Mortensen acknowledged that it will not be possible to run the school on that amount for supplies. But there isn’t really much of a choice, he said.

“It is really my only option,” Mortensen said. “I have to run it in the budget to $12,000 and then hope to come in over our projected student enrollment next month to give us a funding boost and make up the difference.”

Mortensen expects the enrollment count to be higher, so he considers it a good bet. But if it doesn’t pan out, a teacher position at the school would be surplused from his staff anyway. Then he would attribute the difference to the supplies fund.
“It is no way to run a school,” Mortensen admits. “But it is all I’ve been left to do.”

MVHS parent and SOT member Teresa Holzer said that last week’s news was disappointing. She said that the SOT would work hard to make things work for the kids.

But this latest arrangement seems calculated to have a direct impact on classrooms.
“It is the kids who will be damaged by this most,” Holzer said. “There is no doubt that education will be negatively impacted. No matter what they say, these cuts have not been kept away from the classroom.”

Mack Lyon Middle School principal Ken Paul said that his school is not in as much of a bind as MVHS. But things are still not easy. Paul has been forced to cut $40,000 from his budget. And he is similarly backed into the corner of cutting being able to only cut the school’s supply budget.

Fortunately, this year Mack Lyon had been awarded a $34,000 state grant meant to provide resources to help underprivileged students in raising their standardized test scores. That amount will replenish the supply funds lost in the cuts leaving enough for the school to operate for the year, Paul said.

Even so, it is still a painful cut which has left Paul feeling somewhat unfairly treated.
“I have no problem with paying our fair share,” Paul said. “But in this case the entire deficit has been placed solely on the backs of secondary schools only. It is a big hit to take.”

Paul said that in his many years with the district he remembers facing much bigger deficits which had less of an impact on the classroom. That is because they were more evenly distributed across all CCSD students and, more importantly, across the CCSD central office, he said. None of that has happened this time around.

Lyon SOT Chairwoman Aimee Houghtalen, who was out of town on vacation last week, complained that the announcement had come so suddenly, and principals given so little time, that it was impossible for SOTs to be involved in the decisions at all.

“If any other business were run that way, it would be completely acceptable,” Houghtalen said. “But for some reason the school district gets a pass on it again and again.”

Houghtalen said that the middle school SOT met back in January to begin developing the school budget.

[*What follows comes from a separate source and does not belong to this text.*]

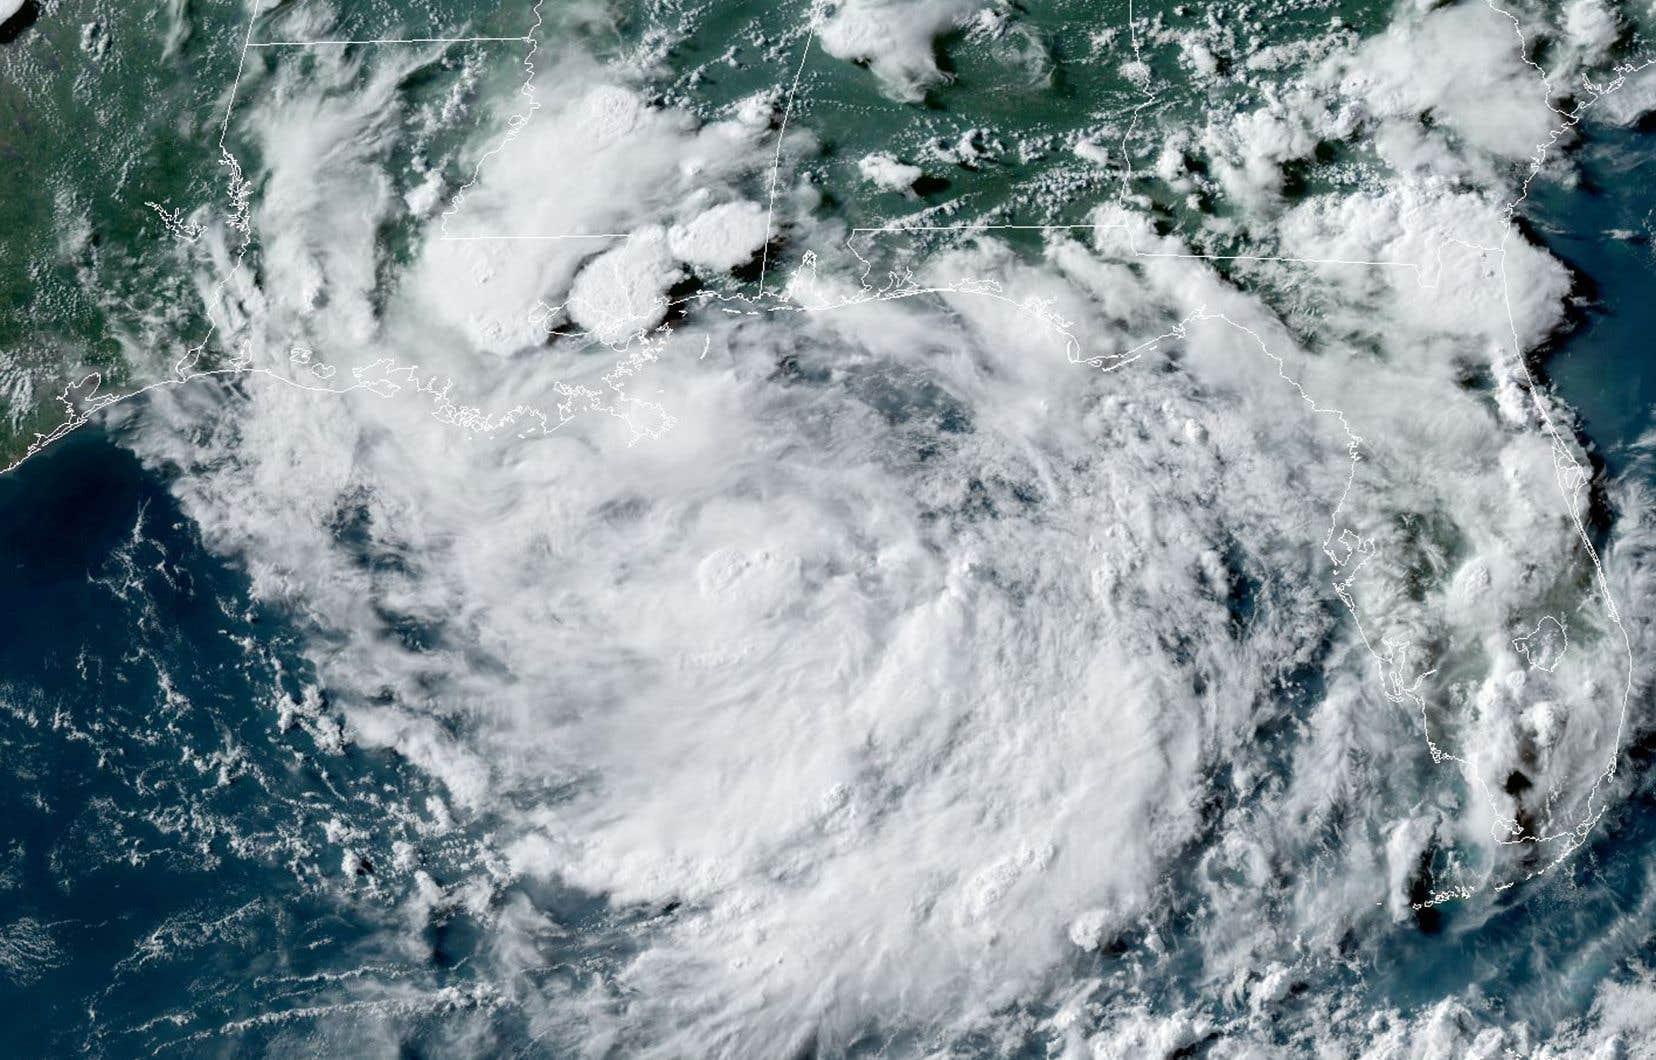 Non seulement une bombe ne modifierait pas la tempête, mais les vents répandraient rapidement les retombées radioactives sur les terres avoisinantes, indique l'agence américaine océanique et atmosphérique (NOAA).

They took significant time in doing so. But since then, that effort has been upended twice with these major mandates from the Superintendent.

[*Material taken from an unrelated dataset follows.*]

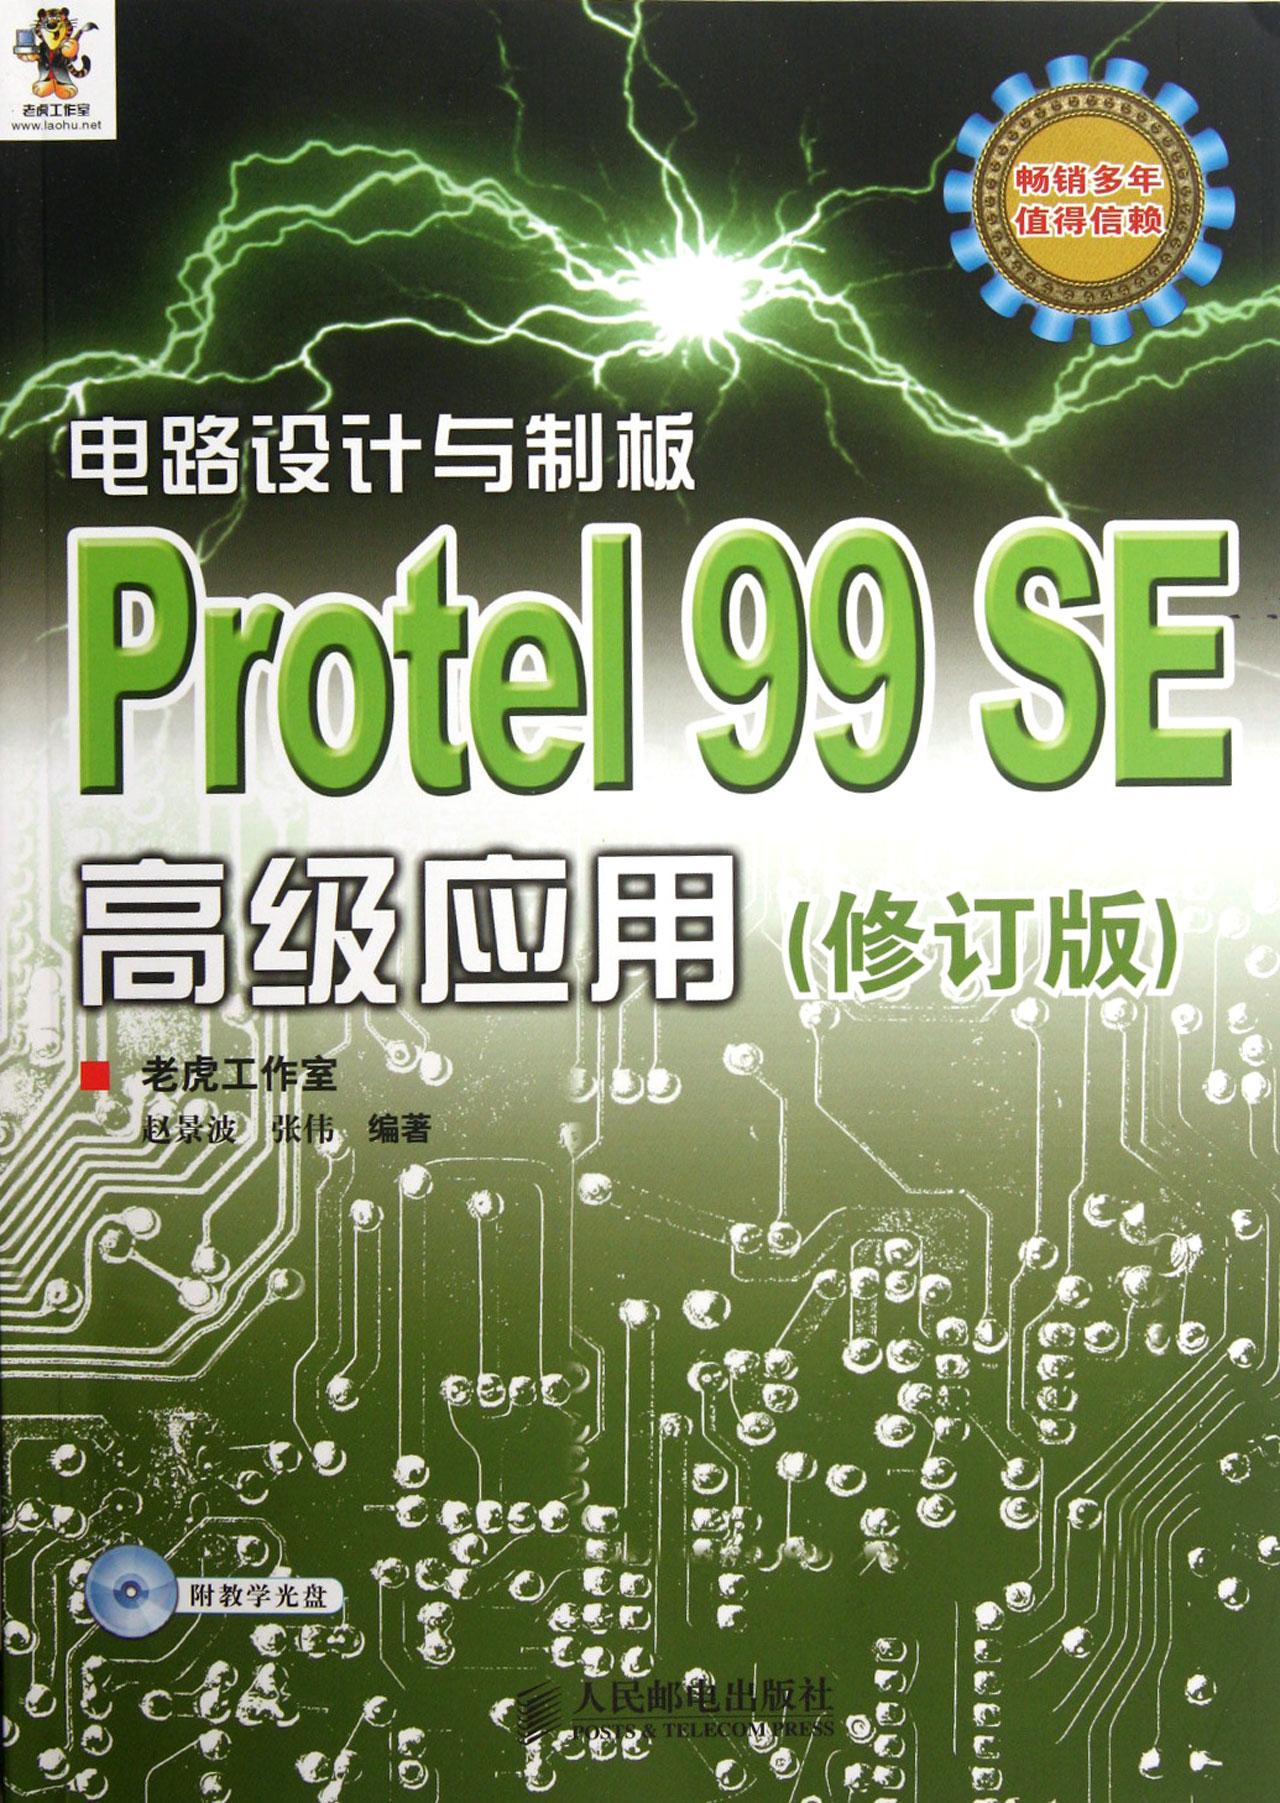 电路设计与制板(附光盘protel99se高级应用修订版)

“This time, they waited until the last couple of weeks of summer break, when everyone is on vacation, to do this,” Houghtalen said. “What was the point of all the work and input we gave before if they are going to do that?”

Houghtalen wished that Jara had engaged the SOTs and asked for input before making such knee-jerk decisions.

“There are way better ideas out there than this,” Houghtalen said. “There are much better ways of spreading the impact so that it is fair and equitable. But he never asked and now it is too late for input anyway.”

Moapa Valley Community Education Advisory Board member Lindsey Dalley commented that this is yet another example of the CCSD skirting around state law.
“What this amounts to is playing politics at a high level, and our kids are paying the price,” Dalley said. “The reorg law was supposed to end all of that with establishing local control and per pupil funding across the board. But the CCSD hasn’t ever complied with that law. And no one has enforced it on them. So here we are again, right back in the same place as we have been a thousand times before, just a slightly different scenario.”